Indonesia Pimpin Upaya Penanggulangan Zoonosis Global

Jakarta: Indonesia dipercaya menjadi tuan rumah Global Health Security Agenda (GHSA) Ministerial Meeting, 5-8 November 2018, di Nusa Dua, Bali. Pertemuan itu membahas pencegahan dan penanggulangan penyebaran penyakit zoonosis secara global.

Kongres tersebut diikuti 15 negara yang tergabung dalam Zoonotic Diseases Action Package (ZDAP). Seluruh peserta menyepakati beberapa rencana aksi, di antaranya melanjutkan penanganan penyakit, pertukaran informasi, peningkatan kapasitas, serta komitmen jangka panjang penanganan tanggap darurat zoonosis. 

Deputi Bidang Koordinasi Peningkatan Kesehatan Kementerian Koordinator Pembangunan Manusia dan Kebudayaan (PMK) Sigit Priohutomo mengatakan, sudah banyak upaya yang telah dilakukan Indonesia dalam menanggulangi ancaman kesehatan global, khususnya zoonosis. Salah satunya dengan menginisiasi kerja sama lintas sektor. 
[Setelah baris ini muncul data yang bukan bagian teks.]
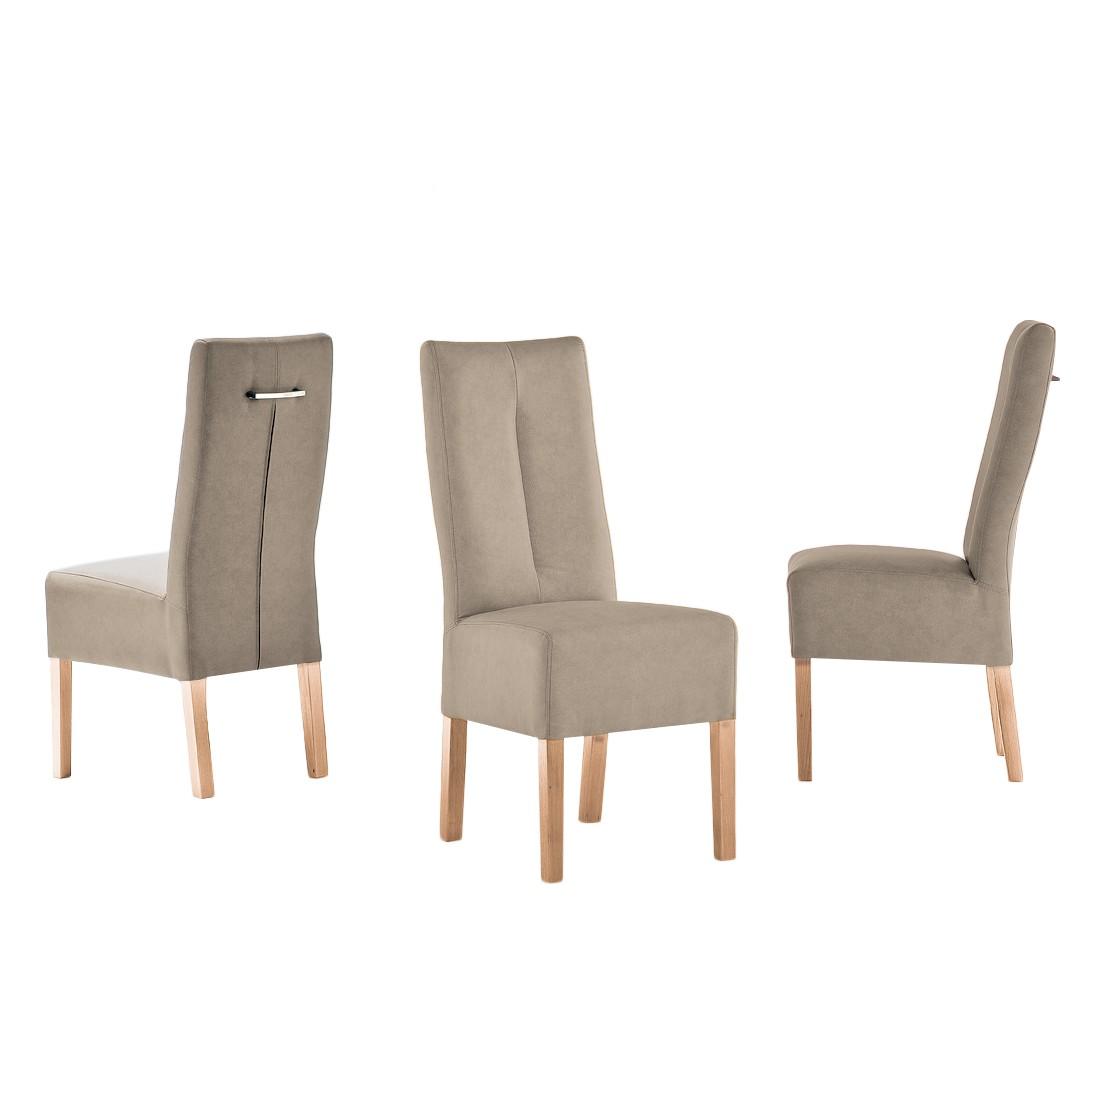 Gestoffeerde stoelen Funny II (2-delige set) - kunstleer - Taupe/beukenhout, Fredriks

“Tiga kunci keberhasilan pengurangan risiko pandemi adalah koordinasi, advokasi, dan kolaborasi antar pemangku kepentingan,” kata Sigit dalam keterangan tertulis, Senin, 5 November 2018.
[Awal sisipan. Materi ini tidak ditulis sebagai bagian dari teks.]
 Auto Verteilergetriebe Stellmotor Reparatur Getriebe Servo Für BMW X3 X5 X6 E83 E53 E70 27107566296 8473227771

Sigit menambahkan, kerja sama lintas sektor juga diwujudkan melalui kerjasama program Emerging-Pandemic Threats (EPT-2) dengan Badan Pembangunan Internasional Amerika Serikat (USAID). Kerjasama itu turut melibatkan Kementerian Pertanian; Kementerian Kesehatan; Kementerian Lingkungan Hidup dan Kehutanan, perguruan tinggi, lembaga penelitian, pemerintah daerah, serta organisasi internasional seperti WHO dan FAO.

Sementara itu, Direktur Jenderal Pencegahan dan Pengendalian Penyakit Kementerian Kesehatan Anung Sugihantono mengatakan, telah ada sistem kewaspadaan dini dan respons yang terintegrasi mengatasi ancaman pandemi pada manusia. Hal itu dapat dibuktikan melalui menurunnya angka kasus pada flu burung pada manusia.

“Sejalan dengan menurunnya kasus pada hewan melalui kerja sama antara petugas lapangan dari sektor kesehatan masyarakat dan kesehatan hewan,” kata Anung.

Ditambahkan oleh Direktur Jenderal Peternakan dan Kesehatan Hewan, Kementerian Pertanian I Ketut Diarmita, upaya pengendalian zoonosis merupakan prioritas utama dalam kesehatan hewan. Sebab, dapat meminimalisir ancaman pada kesehatan masyarakat dan meningkatkan ekonomi industri peternakan.  

“Untuk itu, diperlukan peningkatan kapasitas sumber daya kesehatan hewan dalam deteksi, pencegahan, dan respons terhadap penyakit hewan, terutama zoonosis,” ujar I Ketut Diamirta.

Sementara itu, Konsulat Jenderal Amerika Serikat Mark McGovern mengapresiasi peran aktif Indonesia telah berhasil mengembangkan integrasi dan koordinasi lintas sektoral untuk mendeteksi, mencegah dan menanggulangi ancaman pandemi. Ia mengingatkan, diperlukan komitmen lebih lanjut guna memastikan sistem yang telah ada terus berjalan dengan baik 

“Untuk memastikan sistem yang telah dikembangkan tersebut berfungsi dengan baik, penting untuk mengenali peran dari setiap kementerian dan lembaga terkait, dan mendukung mereka dalam menjalankan tugas penting untuk mendukung keamanan kesehatan global ini,” kata McGovern.

(ROS)

IDHOKI.COM (http://199.188.200.23) adalah Situs Agen Judi Bola & Live Casino Online yang menyediakan cara main sbobet indonesia paling mudah dan praktis melalui Whatsapp, Livechat, BBM, dan Wechat untuk permainan seperti taruhan judi bola, rolet, bakarat, classic game dan masih banyak lagi.